START Recorded data

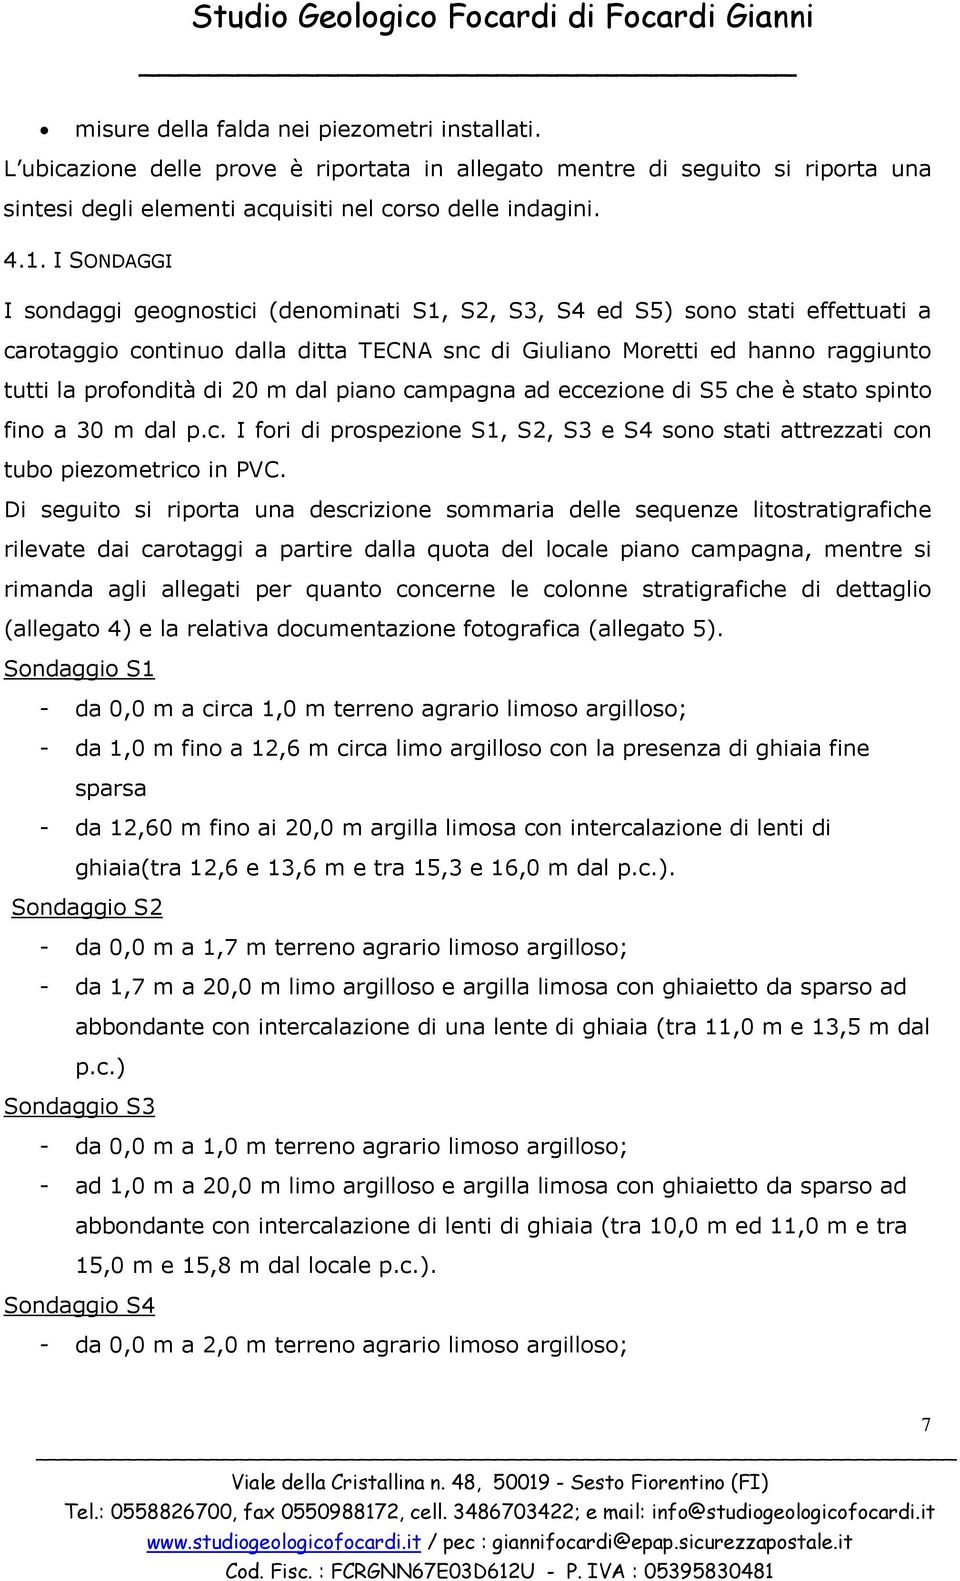 I SONDAGGI I sondaggi geognostici (denominati S1, S2, S3, S4 ed S5) sono stati effettuati a carotaggio continuo dalla ditta TECNA snc di Giuliano Moretti ed hanno raggiunto tutti la profondità di 20
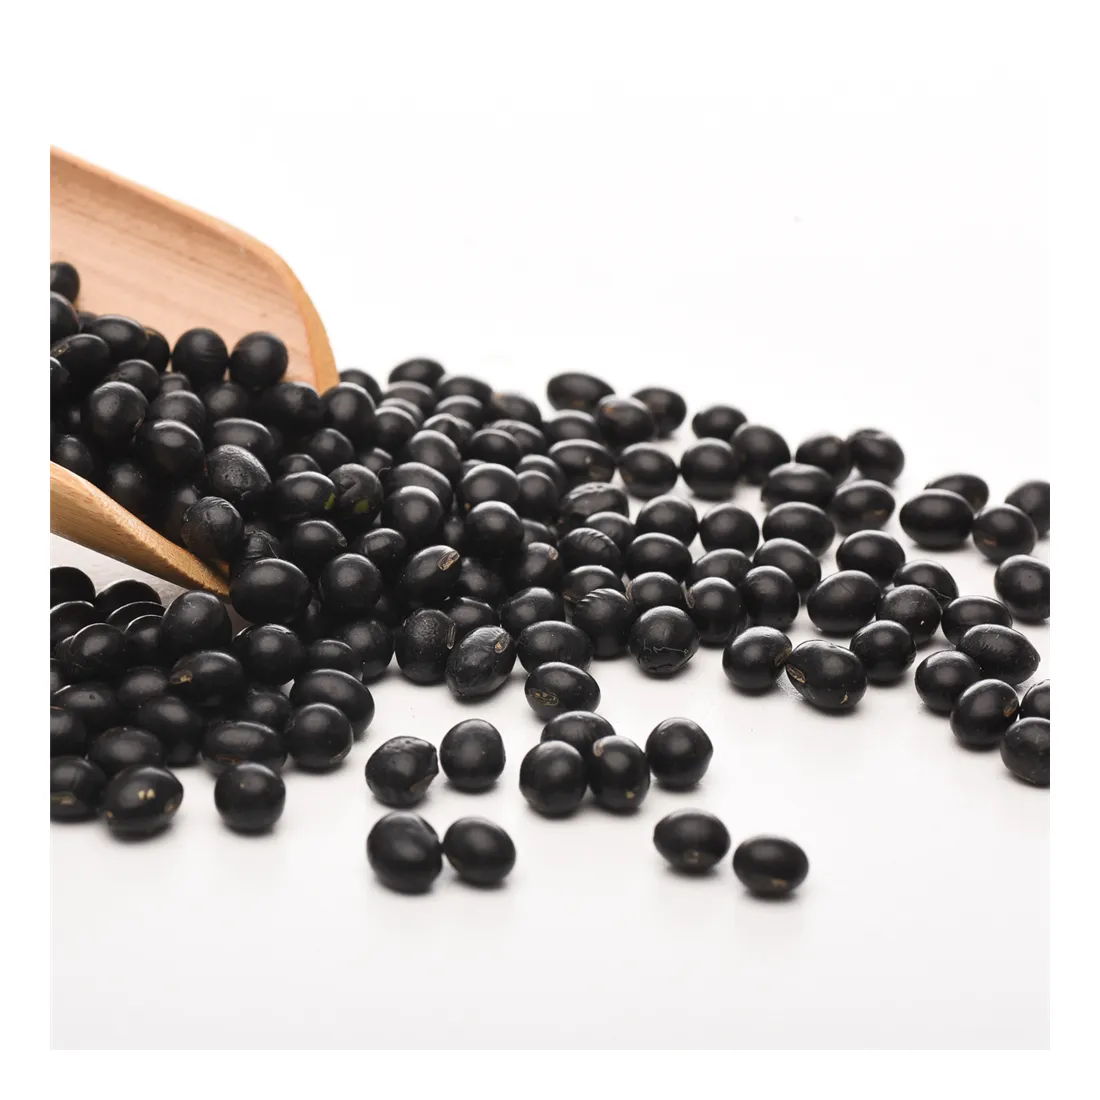 Fagioli neri sani dei grani integrali della soia nera economica di fabbricazione professionale
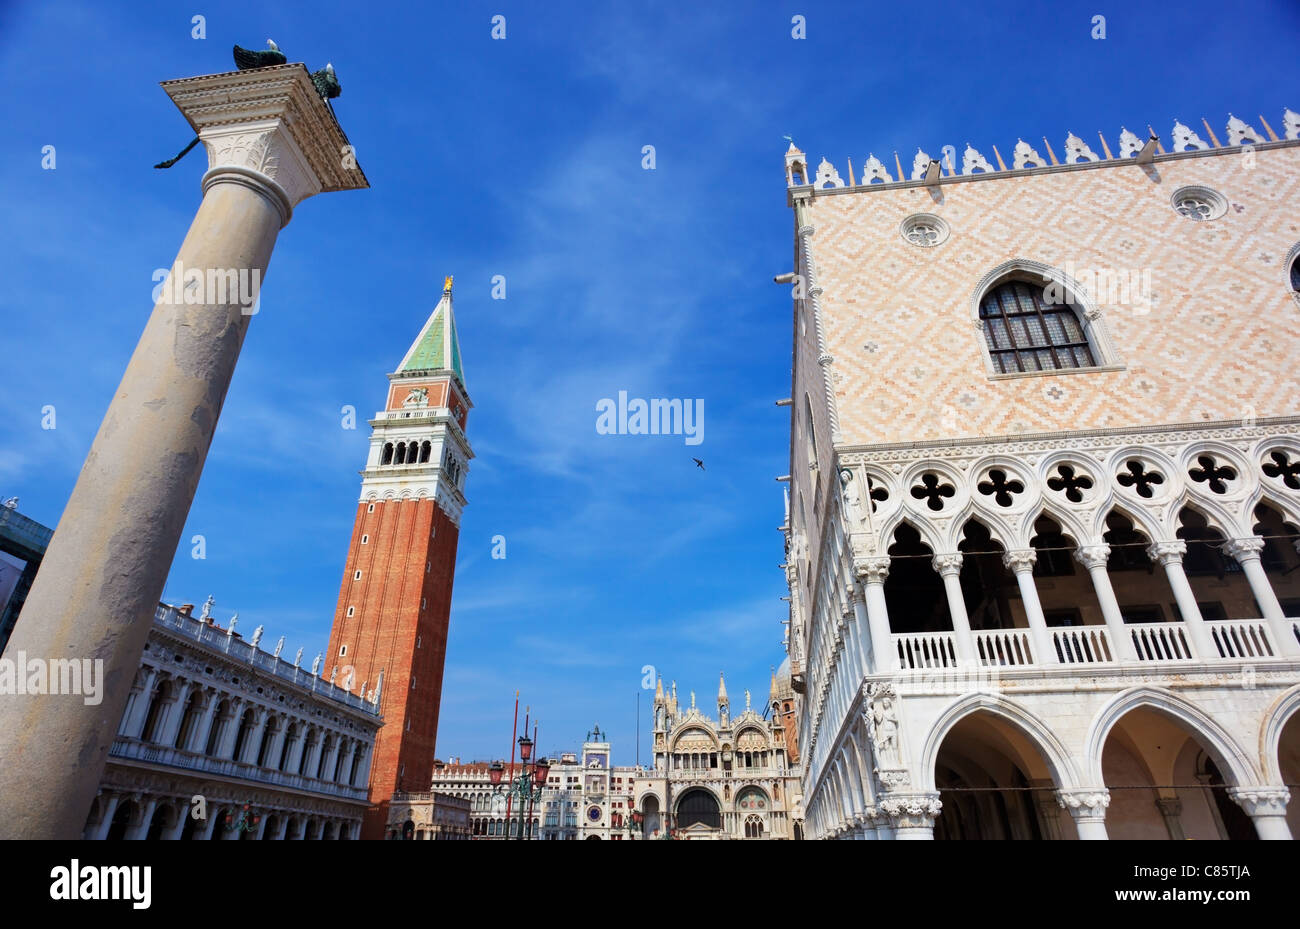 Weitwinkel Schuss der Palast des Dogen und Campanile auf dem Markusplatz in Venedig, Italien Stockfoto
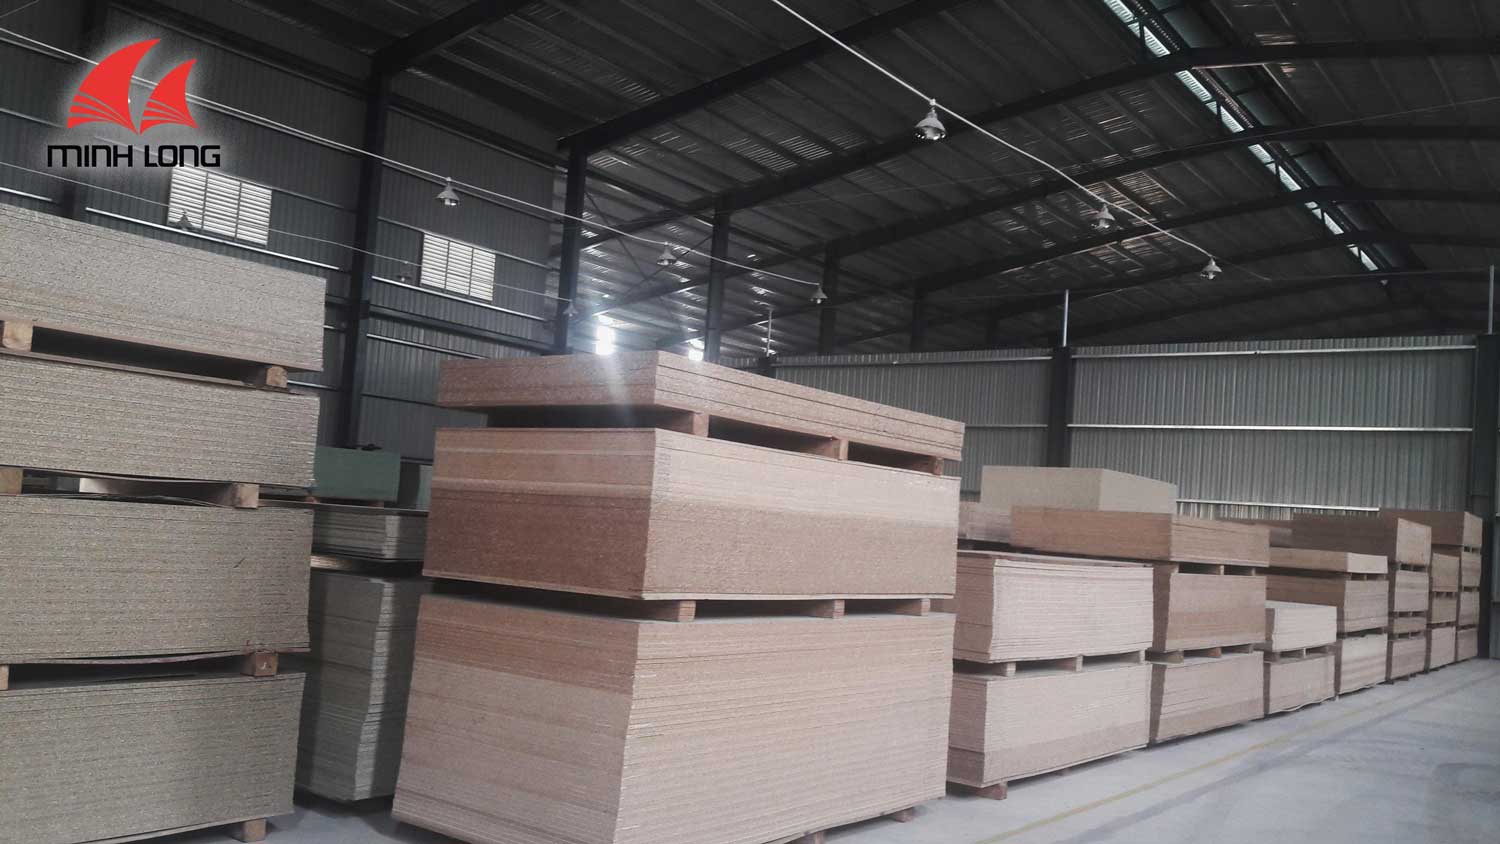 Ván gỗ công nghiệp được điều chuyển về kho đáp ứng nhu cầu của khách hàng tại Hà Nội và các tỉnh lân cận

END Recorded data

- **What you need to do**: Each line from the first line of the listing through the line with "Fagioli neri sani" must be printed exactly, both ends included, and no picture may appear.

- **Reply to the task**:
 I SONDAGGI I sondaggi geognostici (denominati S1, S2, S3, S4 ed S5) sono stati effettuati a carotaggio continuo dalla ditta TECNA snc di Giuliano Moretti ed hanno raggiunto tutti la profondità di 20
 Fagioli neri sani dei grani integrali della soia nera economica di fabbricazione professionale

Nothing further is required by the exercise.